All told, that sort of night played out a million times. Sometimes the immediate families or old friends were the upset ones. More often, it was Matt or me.

Finally, when I learned of a forthcoming bachelor party he’d been privately planning for weeks, I came unglued. My mom heard about it from his mom. It’d be the day before the wedding, and everyone knew but me.

“I was waiting for the right time to talk,” he said, looking exhausted.

“Do you realize how bad this looks?” I shot back. “Why the hell was it a secret?”

Matt canceled the party. In hindsight, I think his night out probably should’ve happened, seeing as my mate just needed to escape the chimera who shared his bed and was basically setting fire to every notion of comfort and sentimentality he had. It was around that time that I made a medical appointment.

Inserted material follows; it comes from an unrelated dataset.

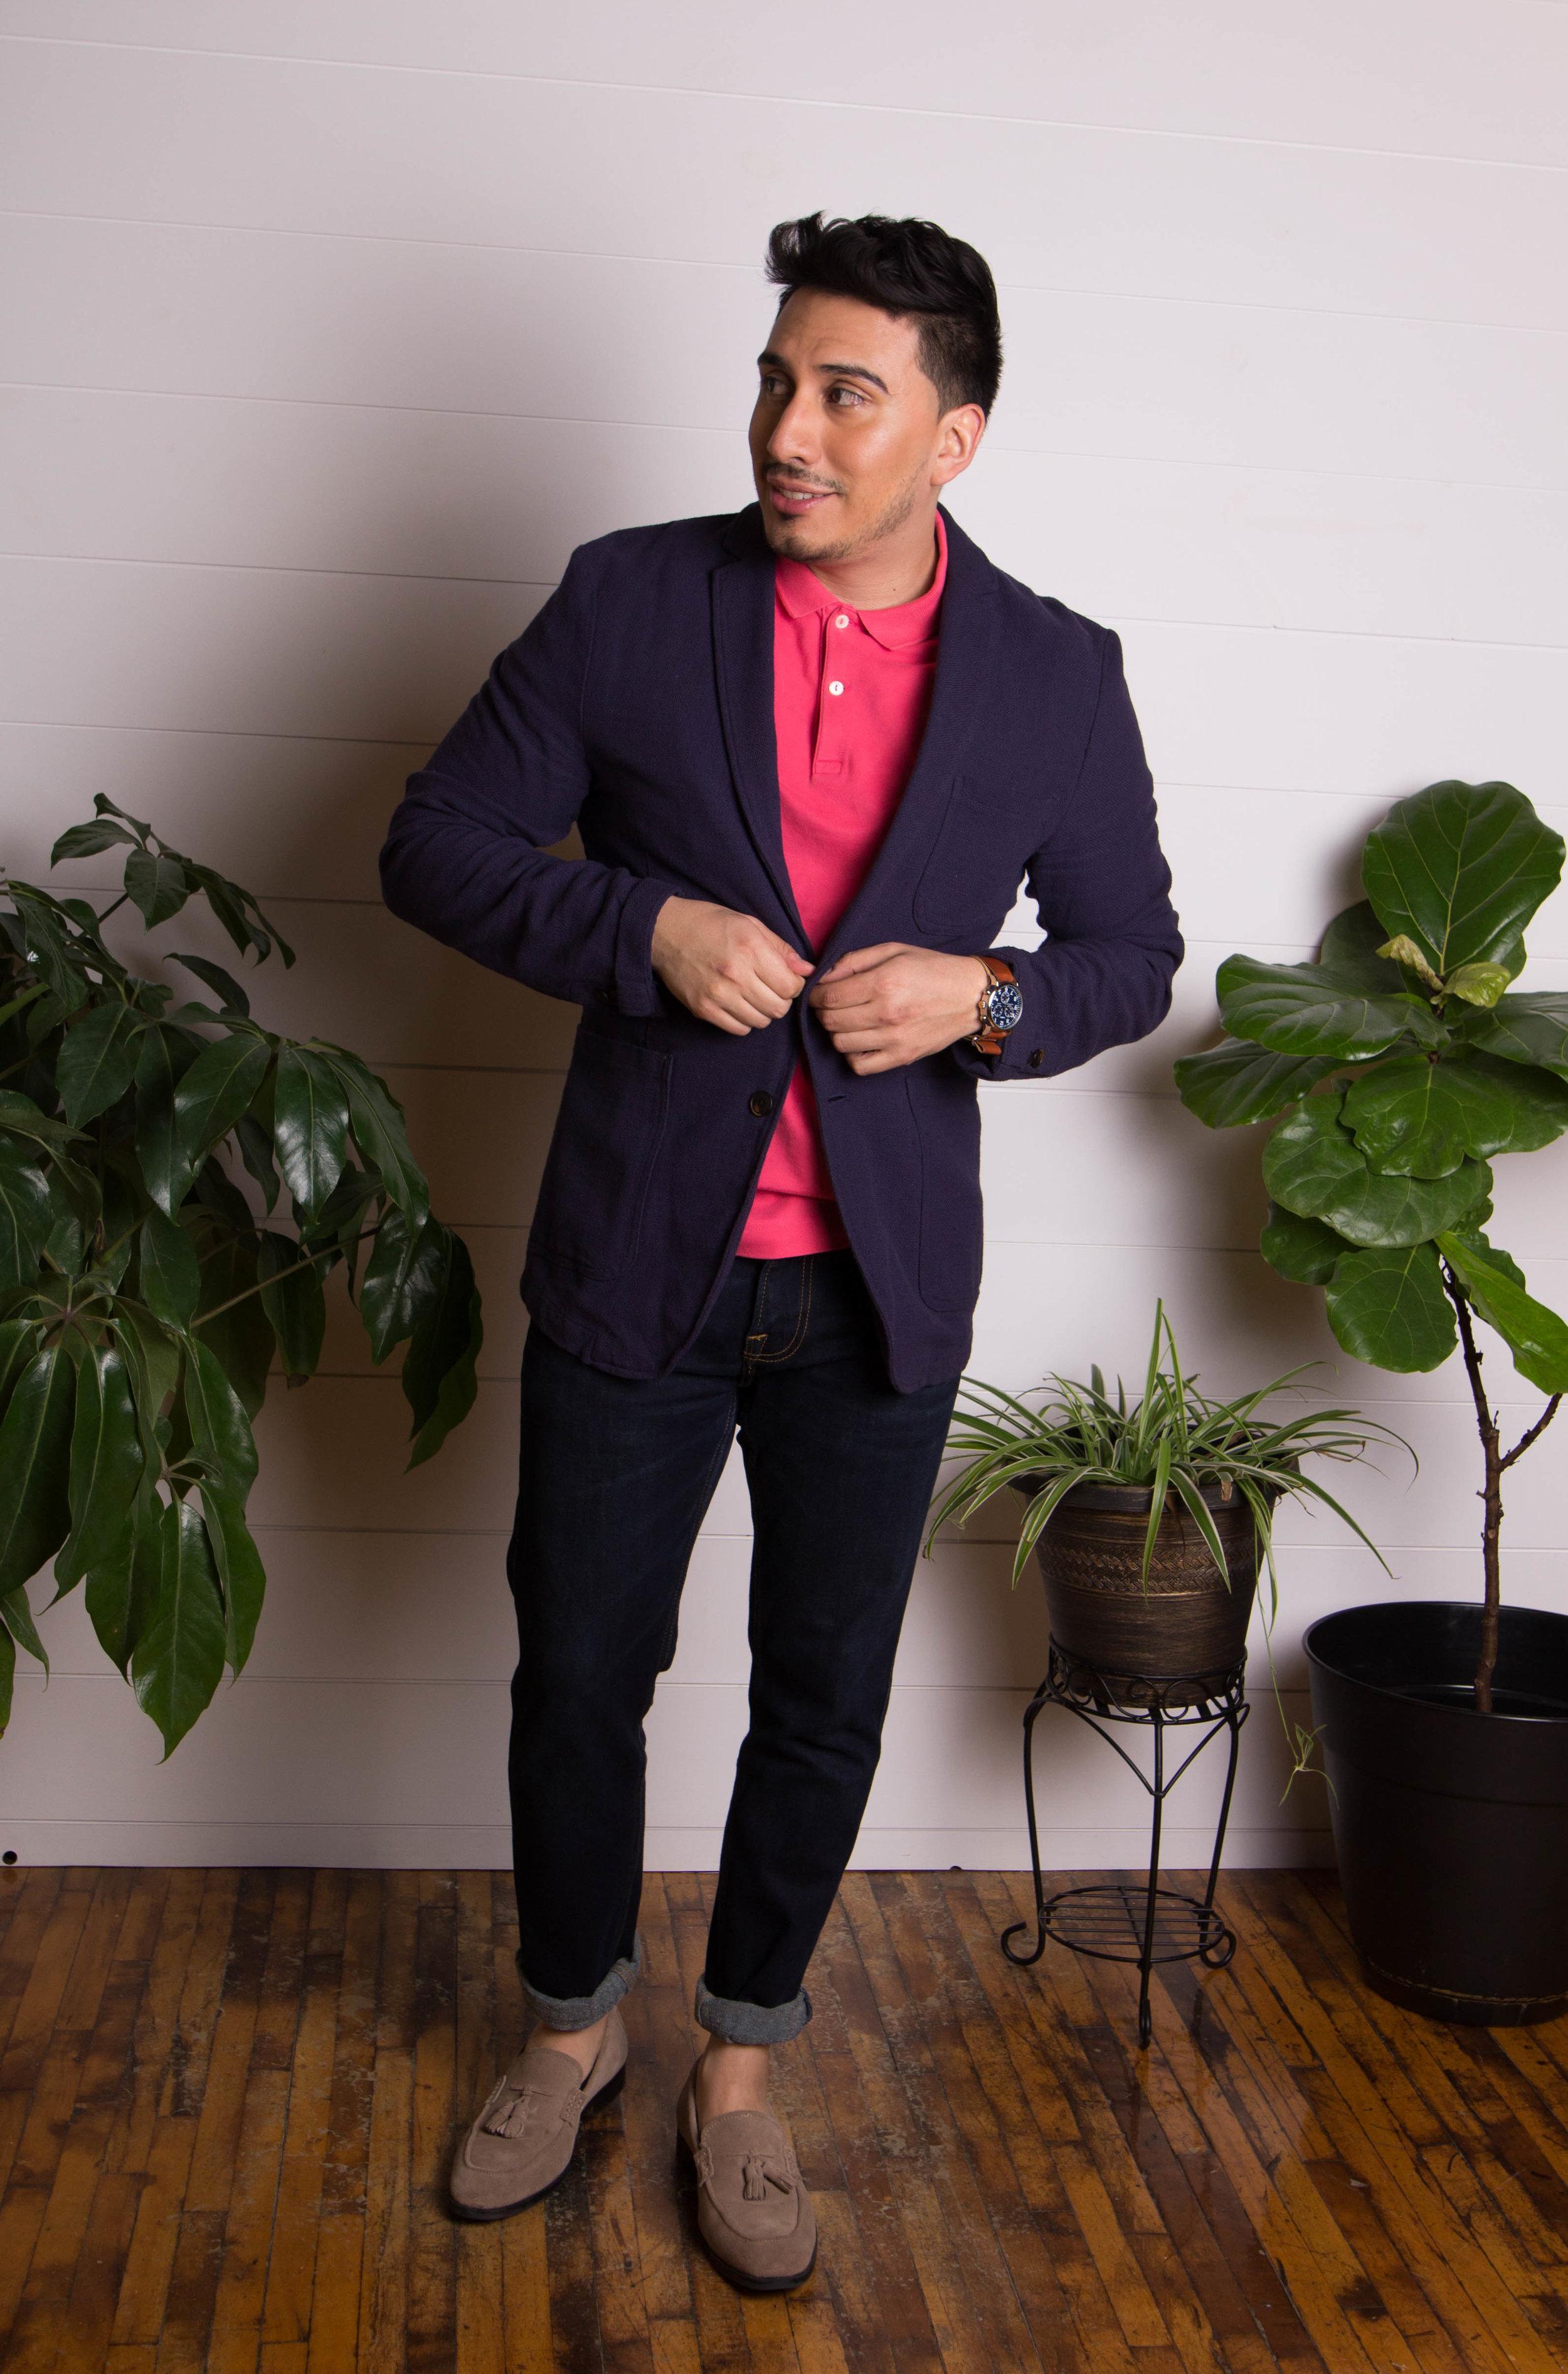 Publication: The Volk Creative Director: Meghanlee Phillips Photographer: Lucy Stange Wardrobe Stylist: Matthew Phillips Makeup & Hair: Jen Wiles & Ariana Pray Model: Ivan Martinez

“I agree that Xanax isn’t a bad idea,” my doctor said dryly, after catching an earful. “Temporarily, anyway. How long do you think you’ll need this?”

“Just the day of the ceremony and that of the reception. And maybe right now.” He wrote a script for three months’ worth.

Later, mere weeks before walking down the aisle, I called a friend who’s an event planner. Megan has stellar taste; we knew that much. What we didn’t expect was how deftly she’d finish the job for us. For $1,000, she became a balm for our souls, giving our caterers the what-for, drawing seating diagrams and pulling countless moving parts into a chic finished product. She held our hands until the end.

And in the end? Well, the ceremony was exquisite, and the reception was all we’d hoped for. Seriously.

“Georgia,” Megan told me gently before guests arrived, “You need to take a shower. Now. Do it.”

I did. And I do. And believe it or not, I love being married.